# Eid Holidays



## blazeaway (Sep 28, 2011)

What is the norm for private sector holiday this year - is it just the 25th or ios it the 28th as well?

Company is new here so not clear for us


----------



## tootall (Aug 5, 2010)

Rumour around my office is that it will only be the 28th. Of course we probably won't know until the 25th...


----------



## suzimack (Nov 29, 2011)

My company gives 28th and 29th as well, because Eid falls over the weekend


----------



## pamela0810 (Apr 5, 2010)

We've got the 25th, 28th and 29th October.

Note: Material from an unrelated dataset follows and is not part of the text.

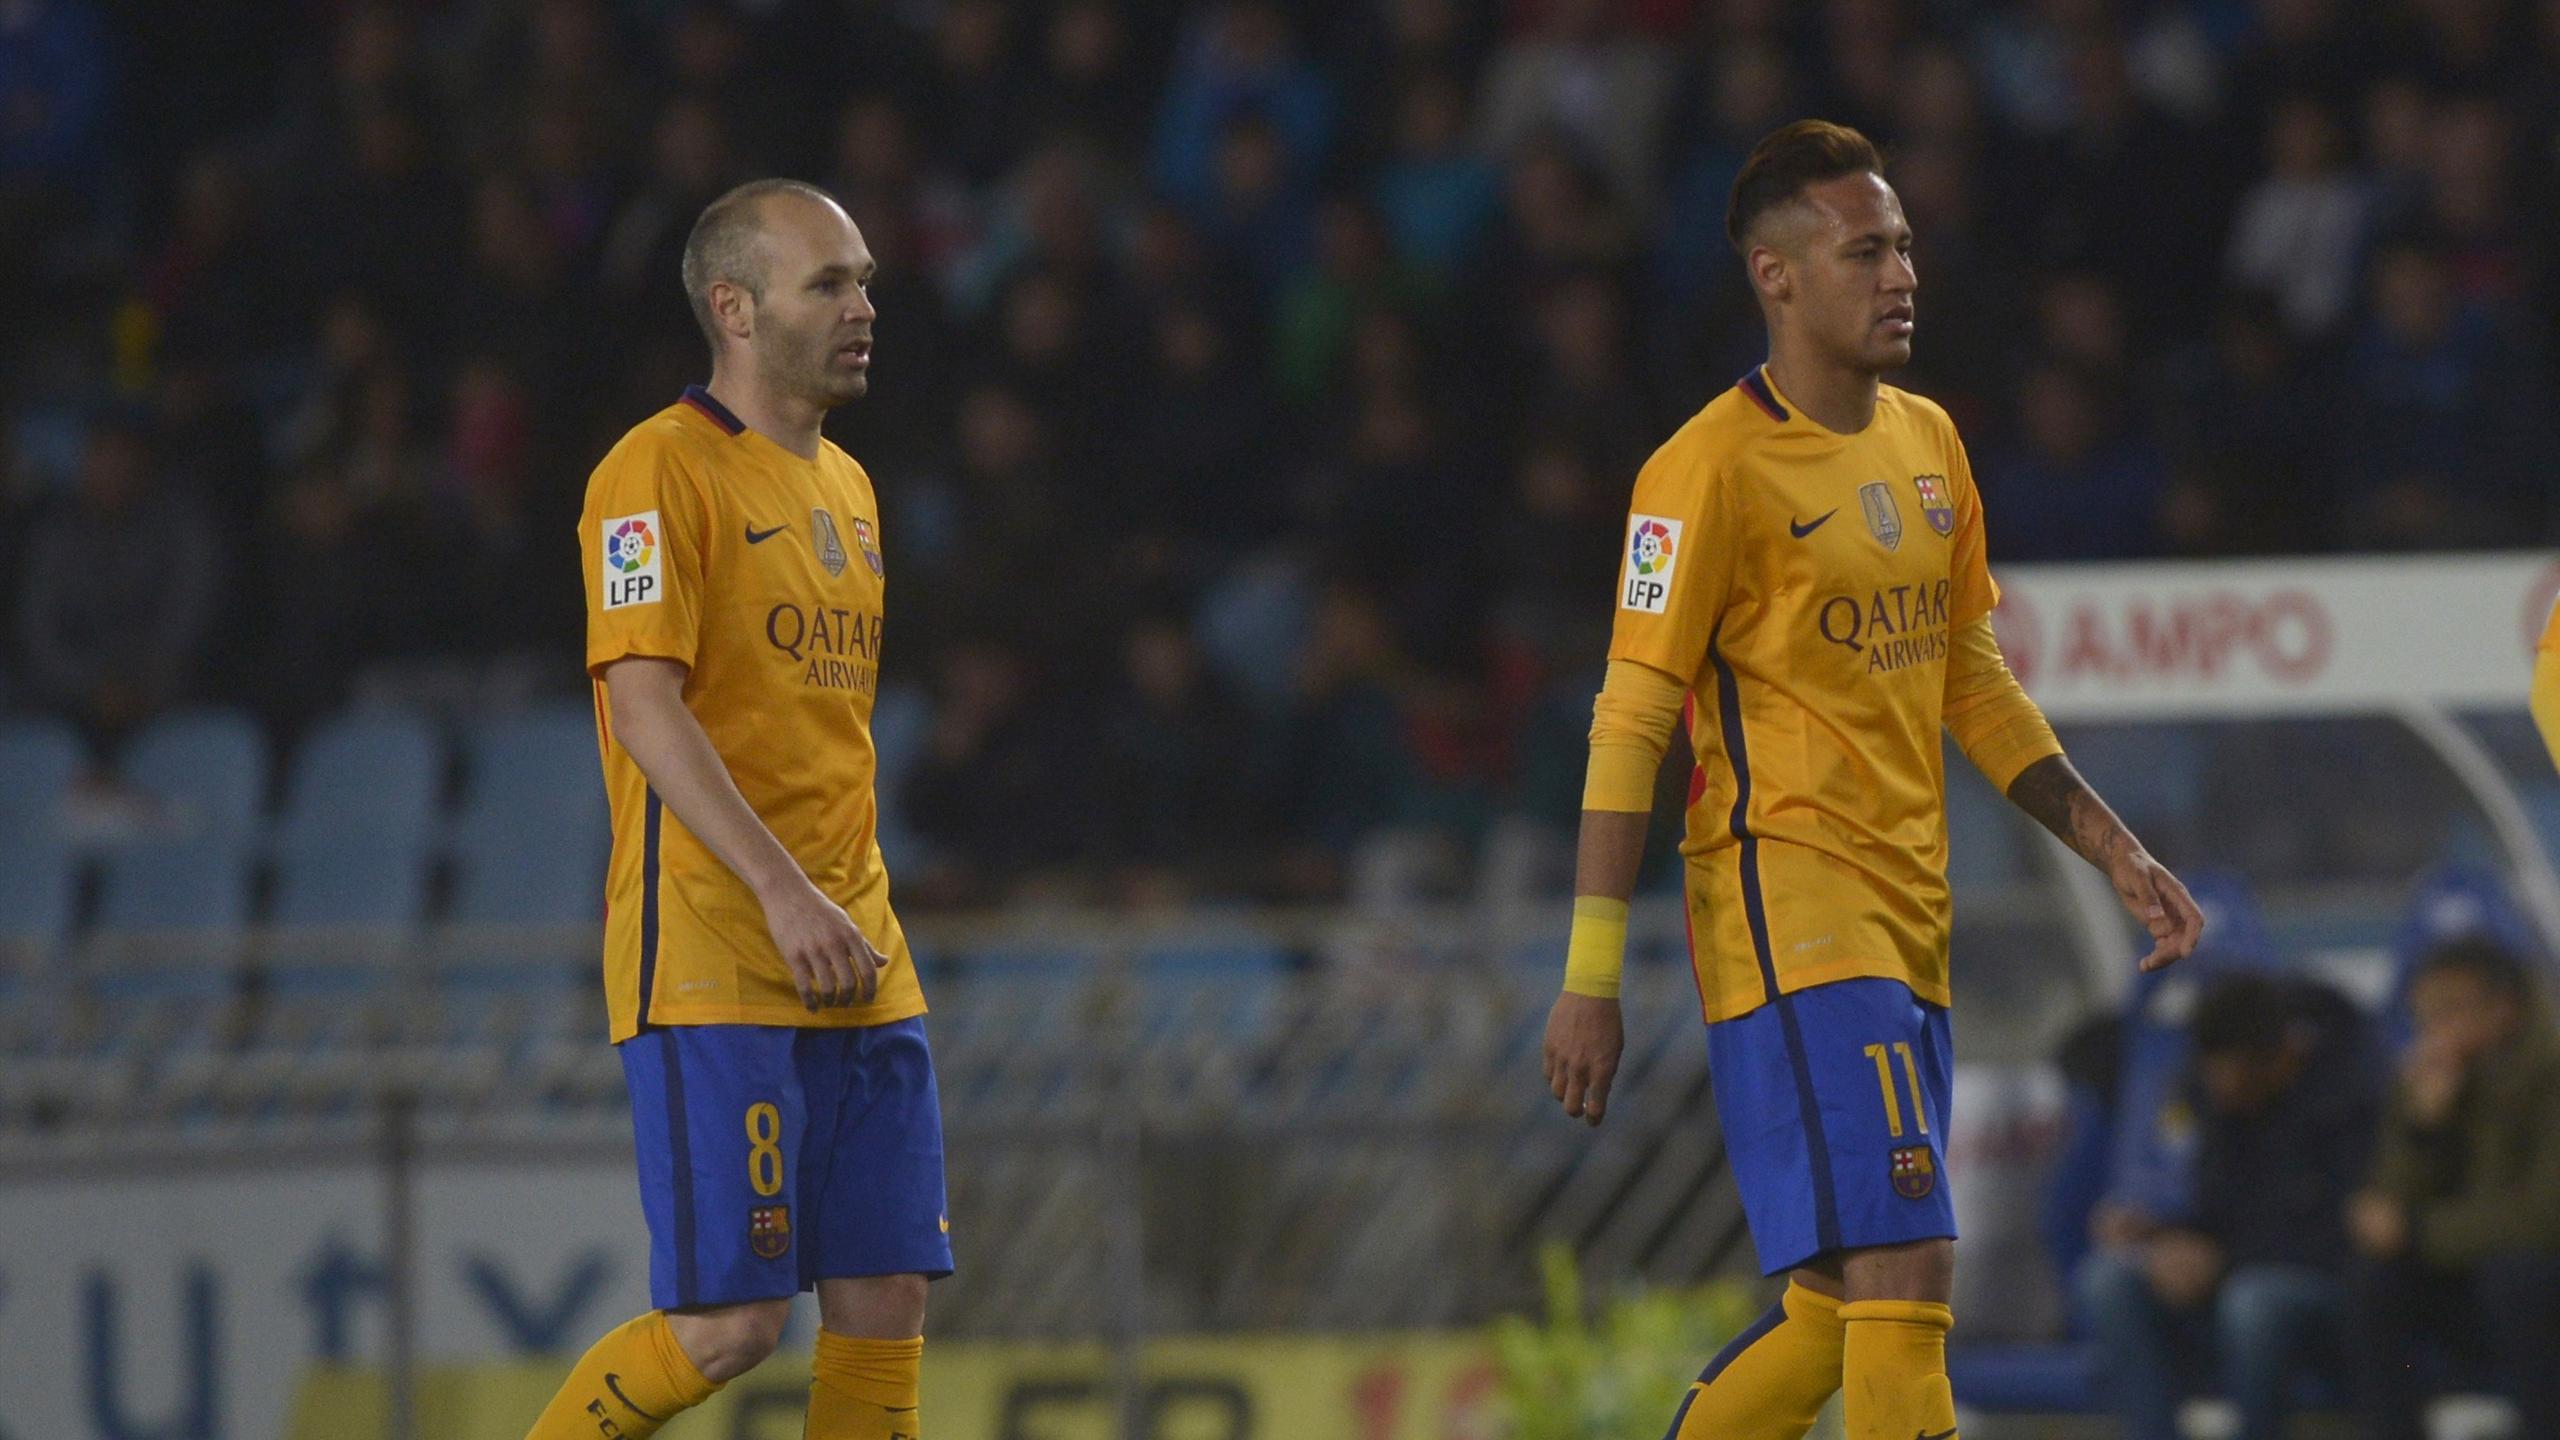 Barcelona stars Andres Iniesta and Neymar
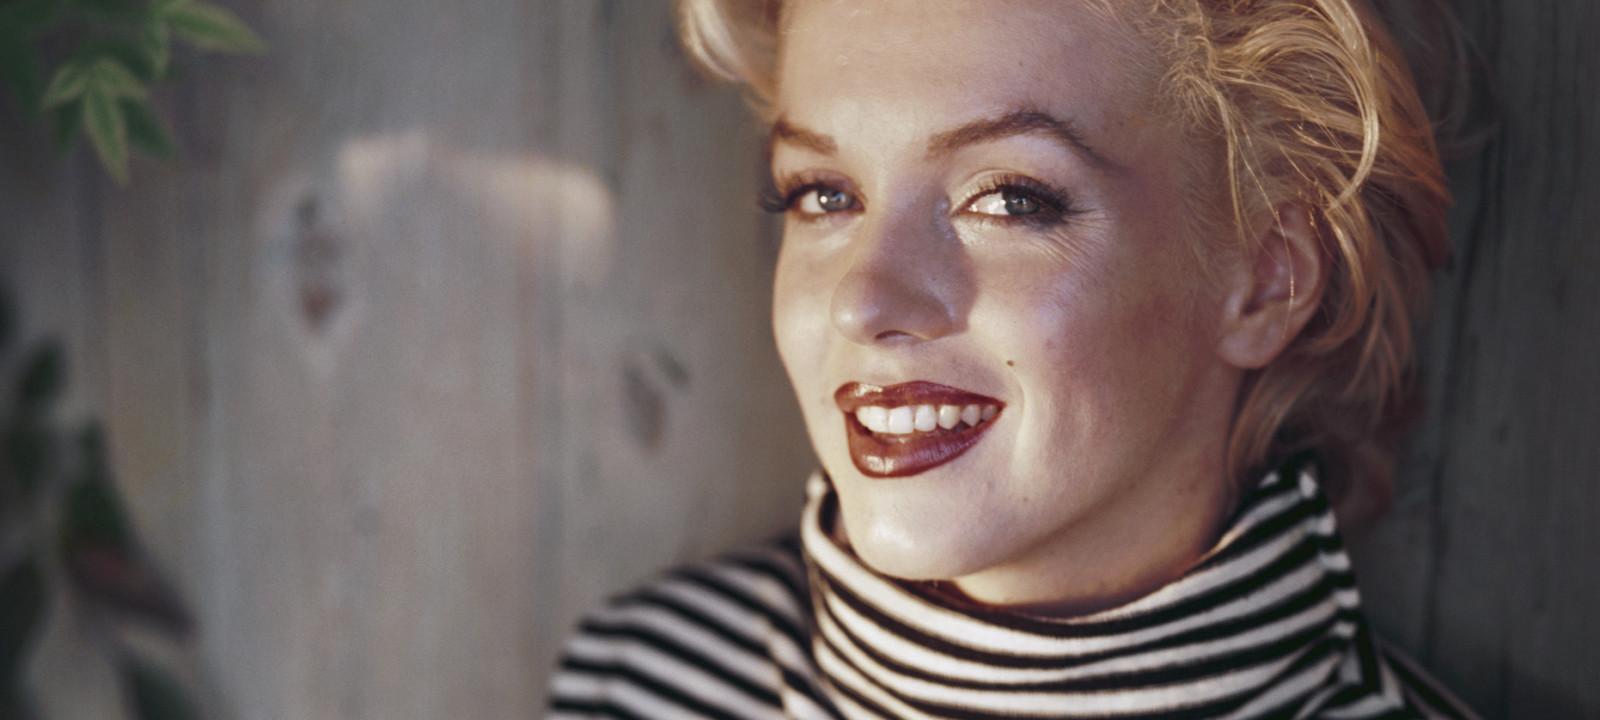 American actress Marilyn Monroe (Norma Jean Mortenson or Norma Jean Baker, 1926 – 1962).

I believe private companies are closed for 3 business days for this Eid.


----------



## blazeaway (Sep 28, 2011)

pamela0810 said:


> We've got the 25th, 28th and 29th October.
> 
> I believe private companies are closed for 3 business days for this Eid.


Thanks everyone, we had decided on the two business days but as 2/3 say 3 may well go with that!


----------



## tootall (Aug 5, 2010)

blazeaway said:


> Thanks everyone, we had decided on the two business days but as 2/3 say 3 may well go with that!


Hiring??


----------



## blazeaway (Sep 28, 2011)

tootall said:


> Hiring??


Yes!!!


----------



## blazeaway (Sep 28, 2011)

tootall said:


> Hiring??


Yes!!!


----------



## Elphaba (Jan 24, 2008)

This Eid is officially three days (that has always been the case), but it has yet to be announced when it starts. If it falls over a weekend, as this one is expected to do, then the private sector will get one additional day only as there is no legal entitlement to days in lieu.


----------



## saraswat (Apr 28, 2012)

Eid holidays confusion clears: Saudi announces Eid dates - Emirates 24/7

Eid is on the 26th of Oct, Friday as per the Saudi committee..


----------



## Elphaba (Jan 24, 2008)

saraswat said:


> Eid holidays confusion clears: Saudi announces Eid dates - Emirates 24/7
> 
> Eid is on the 26th of Oct, Friday as per the Saudi committee..


For KSA, but no official announcement for the UAE. We usually follow KSA, but not always...


----------



## suzimack (Nov 29, 2011)

It was confirmed in The National a couple of hours ago. Arafat Day is Thursday 25th and Eid starts Friday 26th.


----------



## Elphaba (Jan 24, 2008)

Dubai's Grand Mufti reveals when Eid holidays will start - The National


----------